One of the distinguishing features of Jason’s section of the novel is its preoccupation with money. In Benjy’s section, there are repeated references to Jason running around with his hands in his pockets (not a great way to maintain balance), and these childhood impressions foreshadow the greedy, cynical adult Jason becomes. His blunt narrative style reflects this fixation with material wealth and stands in contrast to the meditative, philosophical Quentin and the largely inarticulate sensory responses of Benjy. Unlike the first two narrators, Jason is eager to make declarative, black-and-white statements from the outset. The repetition of phrases like, “what I say” and “I always say” emphasizes this desire to be heard and respected. The problem is, of course, that discerning any coherent morality in Jason’s worldview is an exercise in futility.

The early pages of the section are devoted to Jason’s constant griping about the laziness of his servants, the disobedience of Quentin, and his mother’s incessant moping. For Jason, all of these complaints boil down to economics: the “kitchen full of niggers” he has to feed; the $11.65 he spent on Quentin’s books; Caroline’s decision to burn Caddy’s checks (even though he gets that money anyway). Of course, the biggest economic affront of all came many years earlier, when Caddy’s indiscretions ruined Jason’s opportunity to get a good job at a bank. Instead, he is left doing menial work in a farm supply store and attempting to play the stock market.

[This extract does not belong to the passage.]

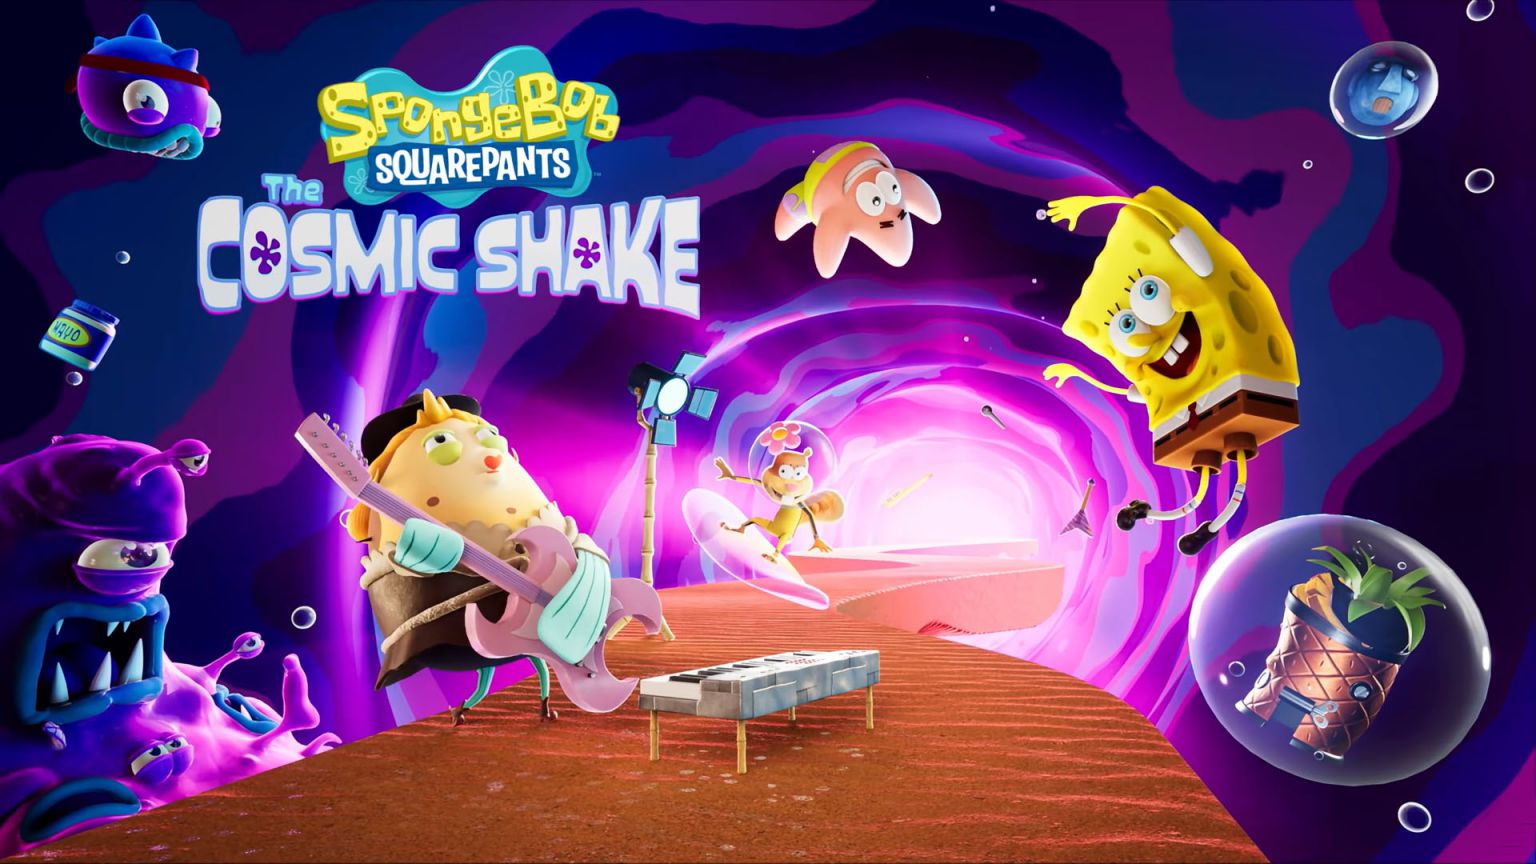 Bob Esponja SpongeBob SquarePants The Cosmic Shake

His perceptions that his work is beneath him, and that the nascent world of finance is inherently corrupt, are significant.

In a few conversations with other townspeople, Jason exposes his anti-Semitic theories about Wall Street, condemning the world of finance for unfairly manipulating the markets to create wealth for themselves by exploiting rural farmers. Anti-Semitism aside, the recent financial collapse (and related stories about absurd bonuses and other corruption) may suggest that Jason is more correct about Wall Street than we might want to admit. And yet, he buys into the system, paying for “insider” advice and making investments. Similarly, Jason levels criticism at others about how they spend their money, but openly admits to blowing large sums on a whore in Memphis. He even claims that “money has no value; it’s just the way you spend it”—but his actions and bitterness about his financial status directly contradict that attitude.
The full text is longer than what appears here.